I appreciate the dilemma that the prohibition causes. The memo says, in effect, that we’d rather arrest him and try him than kill him without trial, but we don’t have the means to arrest him. You know what? That doesn’t make criminal due process requirements go away or justify using military means and hardware to solve a police problem. Tellingly, in trying to leap the barrier due process places in the path of this probably illegitimate solution, the memo references the Mathews v. Eldridge balancing test employed by the Supreme Court in addressing the claim of Yaser Hamdi, a U.S.-born detainee (initially at Guantanamo, then at a naval brig in South Carolina), that he should receive some sort of hearing on his claim not to have been an enemy combatant. Mathews says that due process is flexible, in light of the circumstances. But in the Hamdi case, the Supreme Court agreed, applying Mathews, that Hamdi was entitled to a hearing, albeit one that occurred after he had already been interned.
But what kind of meaningful trial could Awlaki have received if the government were allowed to kill him first, and try him afterwards? Once you concede Awlaki had a due process interest in his life – and one always has a due process interest in one’s life – then a post-deprivation trial must by definition have failed the Mathews test. Mathews never yields a result where the amount of due process owed to the private citizen is zero, both before and after deprivation of the due process interest. That’s why death penalty appeals are so long and tortuous: if you don’t get it right before you execute the defendant, there is no opportunity to correct it.
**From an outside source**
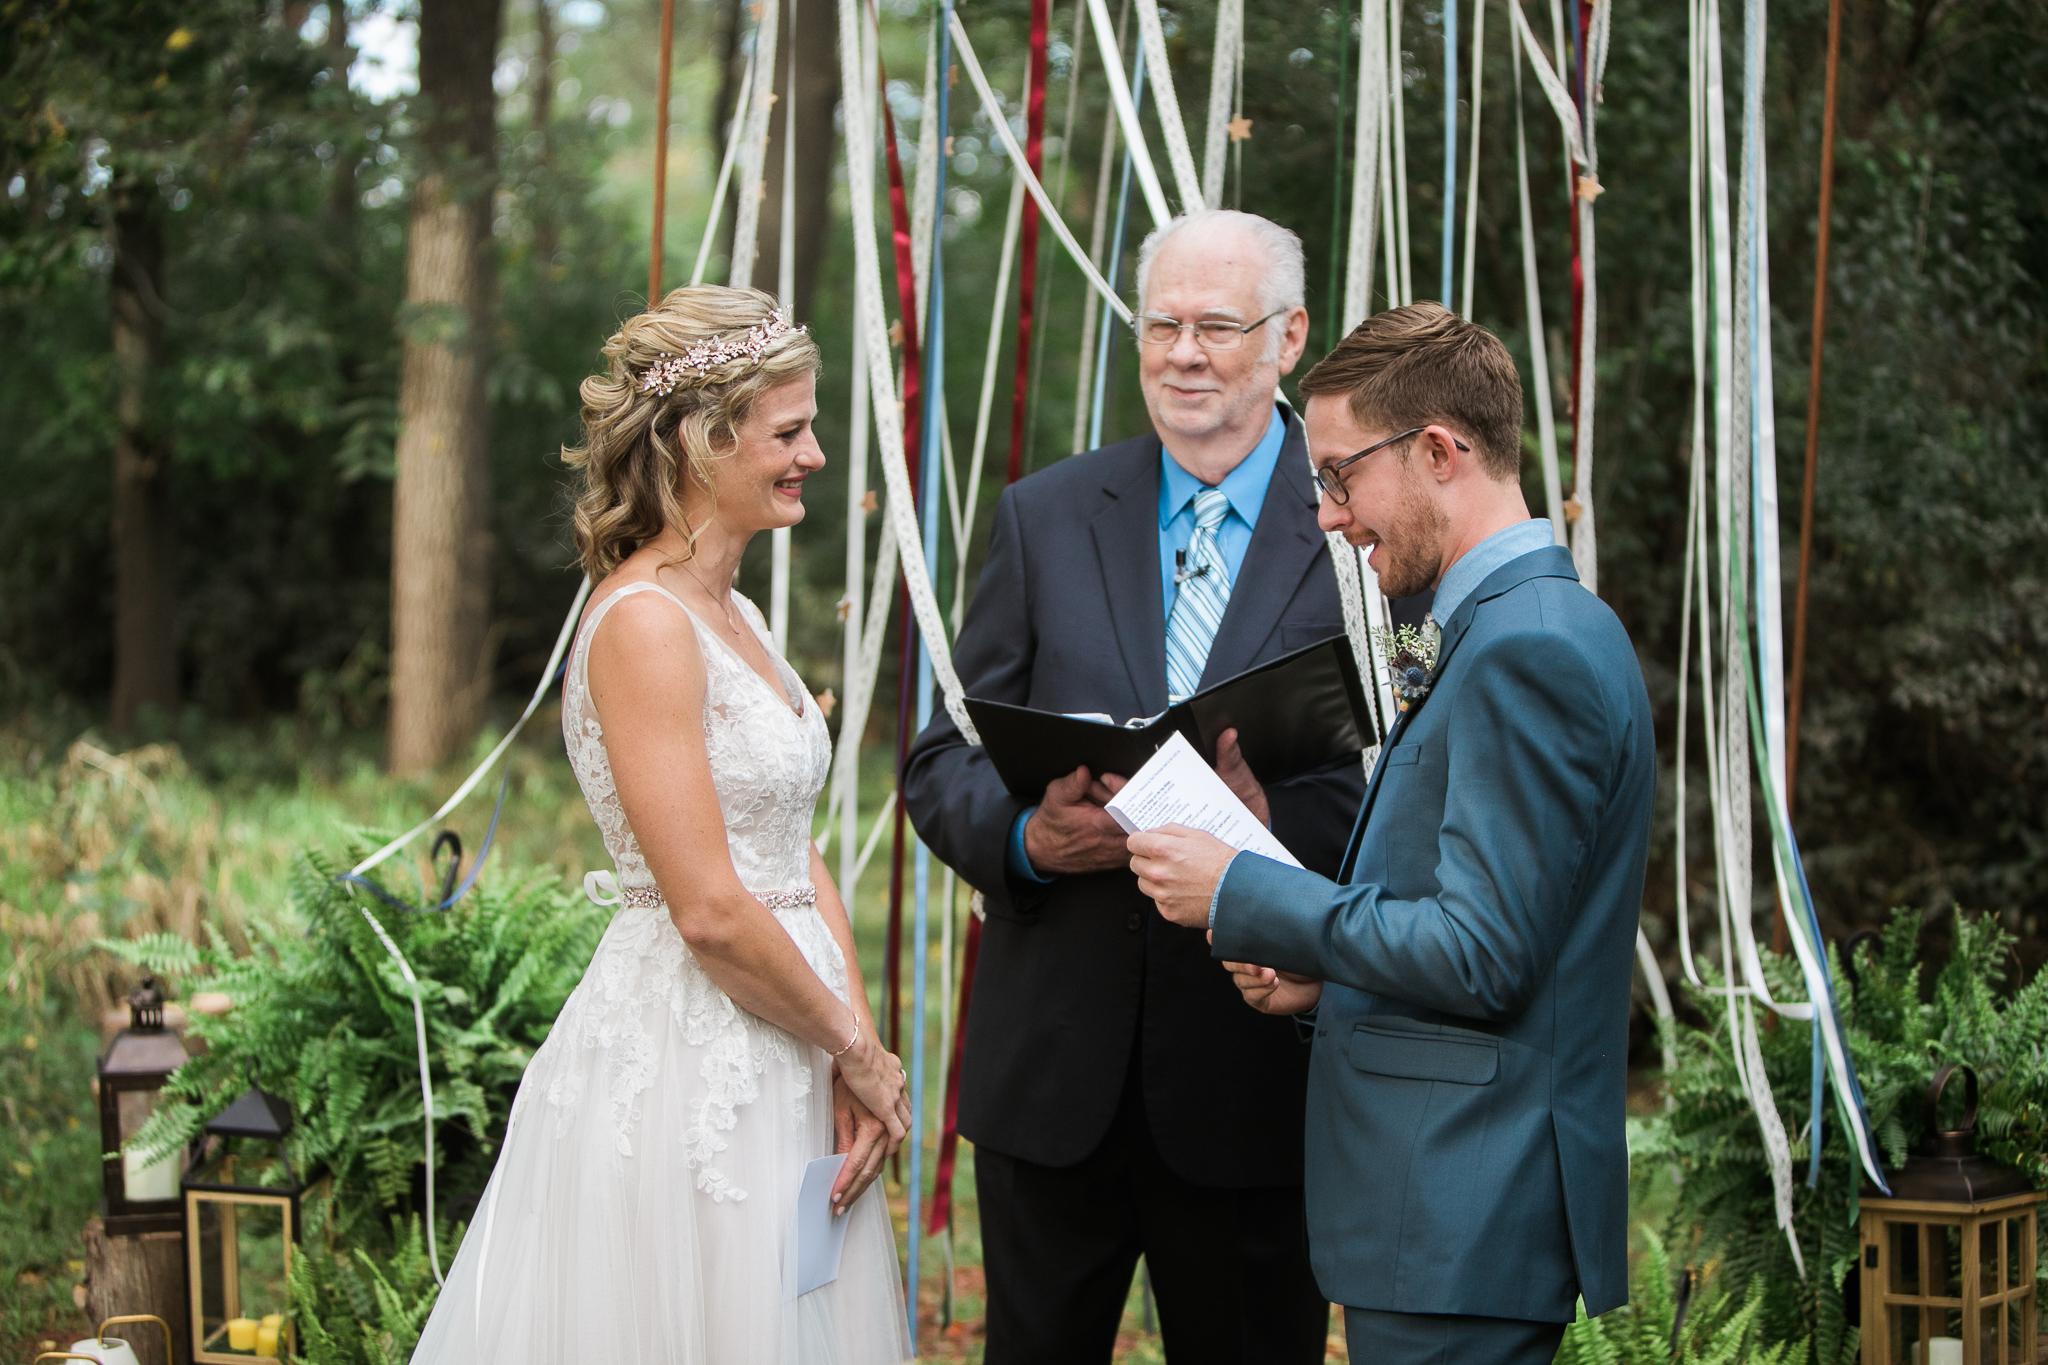 Paoli-Mill-wedding-summer-Wisconsin_103.jpg

Yes, adhering to due process requirements in this difficult situation might well have meant the death of innocents, though it is interesting how little public proof there was that Awlaki was anything more than a Tokyo Rose for the era of the Internet and jihad. But there are much larger risks to our entire political order when we wipe away the distinction between law enforcement and warmaking, and when we accept a reading of Mathews that yields a zero due process result. Plenty of innocents would die in such a world as well.
. An abomination, but not murder.
. “… [T]he President is authorized to use all necessary and appropriate force against those nations, organizations, or persons he determines planned, authorized, committed, or aided the terrorist attacks that occurred on September 11, 2001…” AUTHORIZATION FOR USE OF MILITARY FORCE, PL 107-40, September 18, 2001, 115 Stat 224.
. All facts about Awlaki in this piece are taken from the Wikipedia entry on him, as accessed July 11, 2014.
. For a somewhat different perspective, see this article by Joshua Frost in The Atlantic in 2012. But Frost seems to concede that central Al Quaeda does not directly control most of its offshoots. As the OLC memo acknowledges, Awlaki was closely affiliated with Al Quaeda in the Arabian Peninsula. Apparently AQAP was not under the direct control of central Al Quaeda.
. I have not discussed here (because the memo devotes no attention to the question) the rules regarding police use of force in apprehending suspected felons. But assuming (contrary to fact) that an arrest of Awlaki had been attempted, deadly force would only have been appropriate, if at all, had he attempted to flee. 6A C.J.S. Arrest § 53. It appears that military forces have been occasionally used to effect arrests, e.g. most recently in the capture of Ahmed abu Khattala, suspected in the Benghazi killings, by naval personnel. I would presume that, under those circumstances, the same deadly force rules would apply.